## Required action
Your answer must be the listing repeated word for word, without its pictures.

------ Provided material

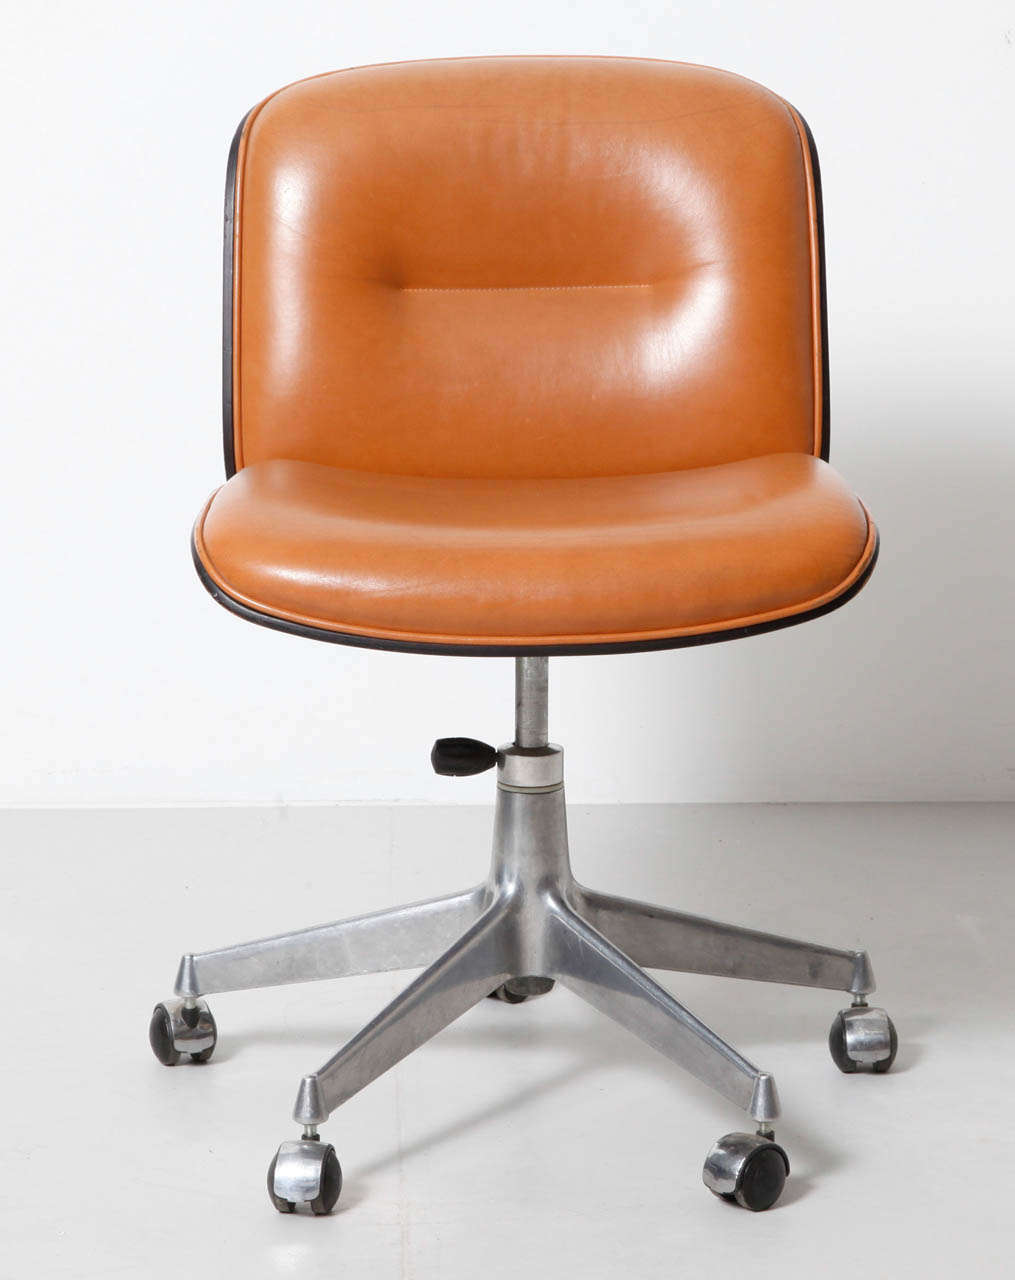 2 cognac adjustable/swivel office chairs in Brazilian rosewood and soft Italian leather designed by Ico Parisi for M.I.M. (Mobili Italiani Moderni) Roma 1970.
Chairs have cast 5 star aluminium base.

All chairs are in a very good vintage

------------

## Your solution
 2 cognac adjustable/swivel office chairs in Brazilian rosewood and soft Italian leather designed by Ico Parisi for M.I.M. (Mobili Italiani Moderni) Roma 1970.
Chairs have cast 5 star aluminium base.

All chairs are in a very good vintage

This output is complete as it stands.